Если отмести всю нацистскую пропаганду и покопаться в этой куче забытых генеалогических обрубков самому, можно увидеть, что более подобающим представителем рода Герингов скорее является фигура высокопоставленного прусского чиновника из землевладельческого сословия, которому время от времени удавалось приблизиться к трону.
Более предпочтительной точкой в истории, с которой следует начинать изучение геринговской родословной, является, пожалуй, рождение Михаэля Христиана Геринга в Рюгенвальде в 1694 году. Михаэль Христиан, которым наряду с еще несколькими прародителями Геринги особенно гордились, когда-то состоял на службе у прусского короля Фридриха Великого. Начав с должности полкового квартирмейстера, он постепенно возвысился до ранга Commisarius Loci (экономического управляющего) Рурской области. Где-то в промежутке между сбором денег на прусские военные нужды и пребыванием в качестве политического заложника у французов во время Семилетней войны он сумел произвести на свет сына по имени Христиан Генрих Геринг – первого, кто стал писать фамильное имя Göring, как это принято теперь. Христиан Генрих Геринг прожил скромную, но достойную жизнь в Рейнской области и оставил наследника – деда Альберта и Германа – Вильгельма Геринга. Вильгельм поднял род на новую высоту, но не благодаря победам на поле боя или восхождению по чиновной лестнице, а благодаря удачному сватовству в кругу высшего общества. Ему удалось заполучить руку Каролины де Нерее, дочери благородного голландского семейства, в жилах которой текла гугенотская кровь.[5]
31 октября 1838 года в Эммерихе, совсем рядом с голландской границей, фамильное древо Герингов пустило новую ветвь, на которой было написано имя Генриха Эрнста Геринга, будущего отца Альберта и Германа.
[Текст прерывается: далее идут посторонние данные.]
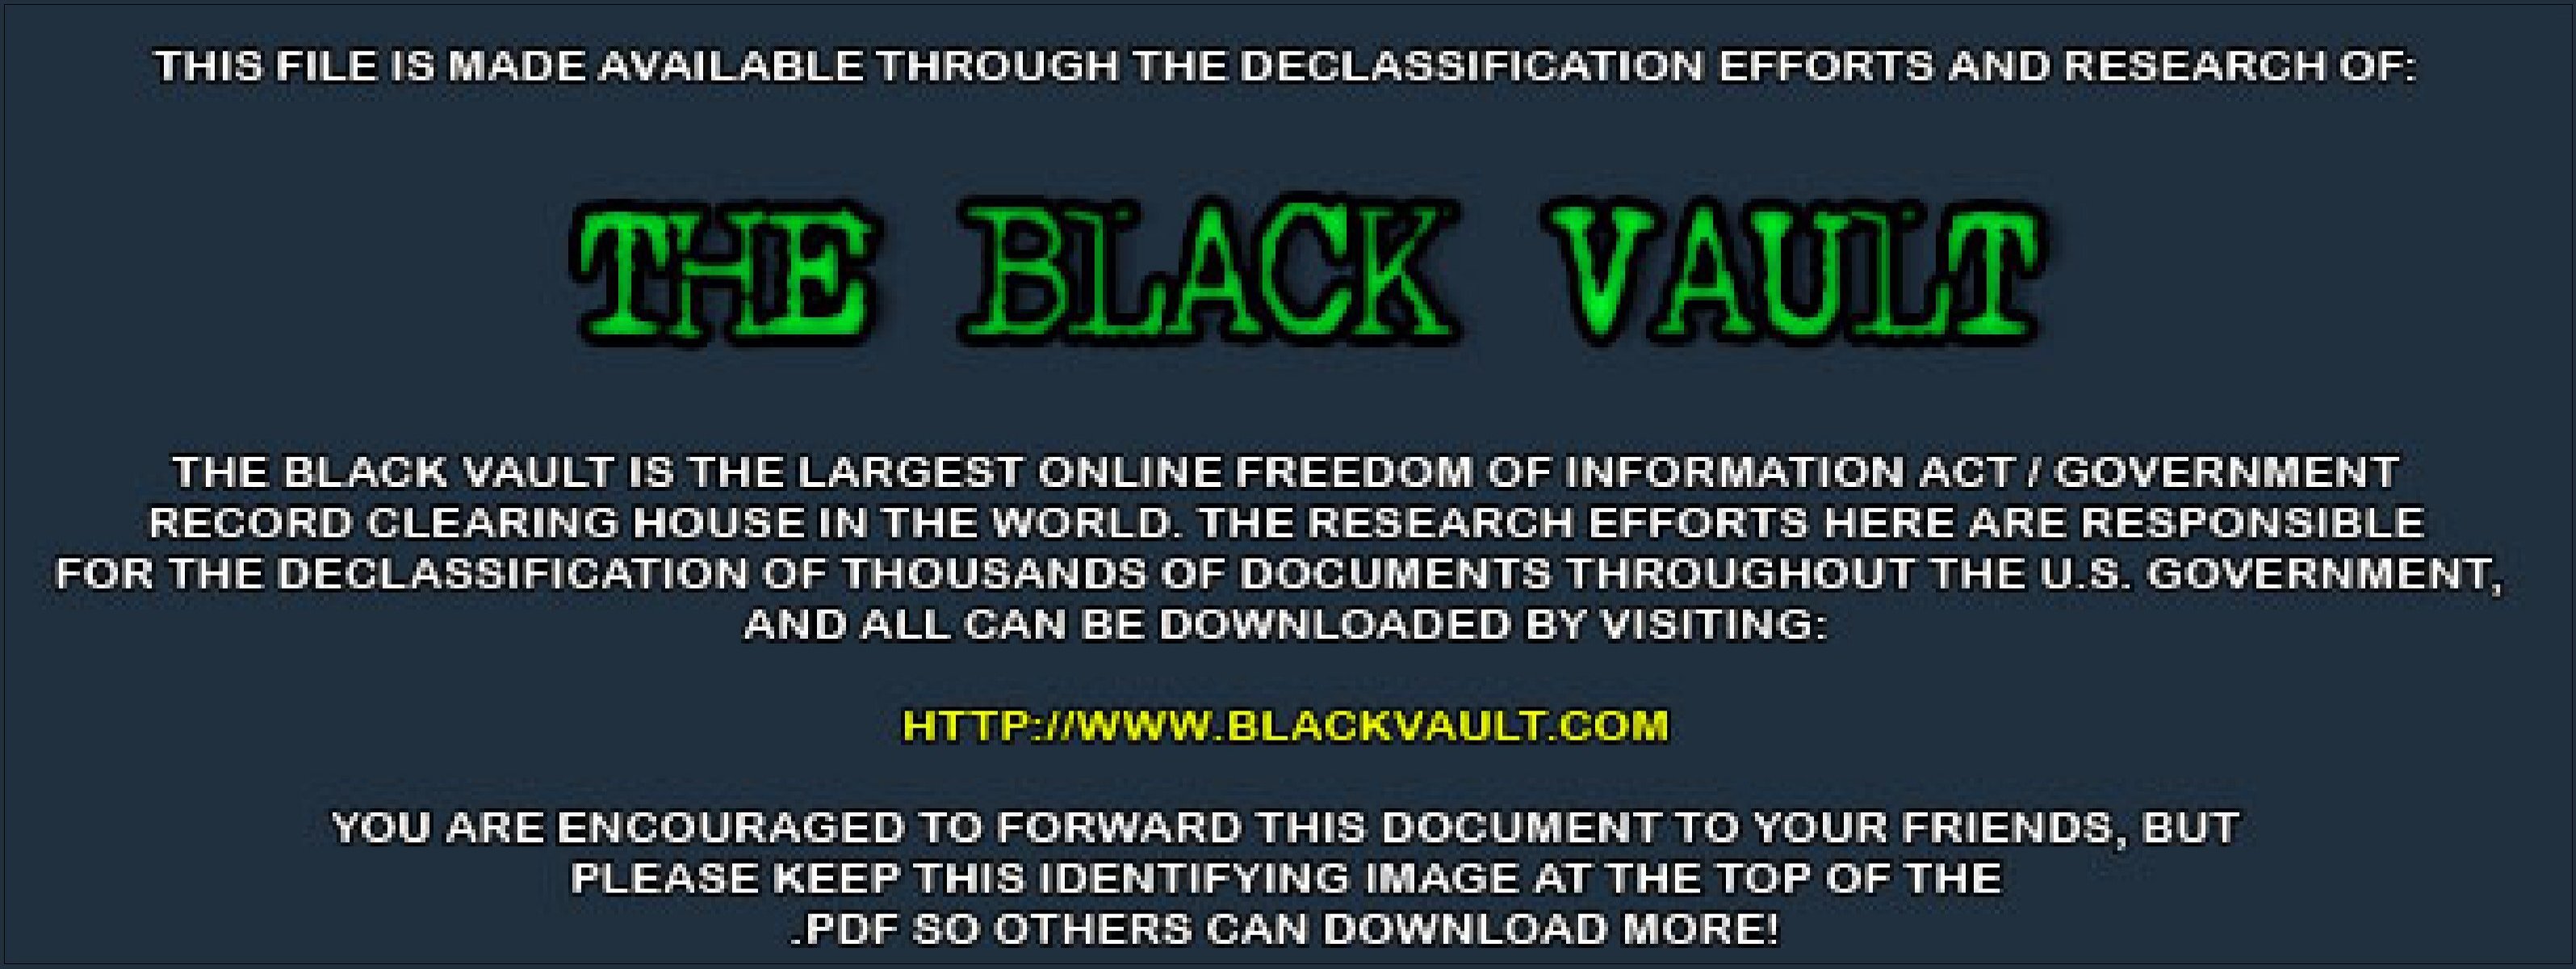 - The Black Vault

Сыну весьма уважаемого судьи Генриху была предначертана юридическая карьера, которой он поначалу хотел избежать. Выучившись на правоведа в престижных Гейдельбергском и Боннском университетах, в двадцать семь лет Генрих неожиданно натянул на себя прусский армейский мундир и отправился на Прусско-Австрийскую войну 1866 года. Прошло каких-то семь недель, и картографам пришлось чинить свои сточившиеся перья, чтобы рисовать новую карту Европы – карту, теперь благоволящую к торжествующей и постоянно расширяющейся Прусской империи за счет сжимающейся Австрийской. Пруссаки заставили поработать картографов и несколько лет спустя, когда одержали победу во Франко-прусской войне, и Генрих снова был в первых рядах тех, кто раздвигал границы Прусской империи, тем самым создавая новую Германию. В награду за участие в боевых действиях Генрих получил должность участкового, а затем земельного судьи во вновь образованной Германской империи.[6]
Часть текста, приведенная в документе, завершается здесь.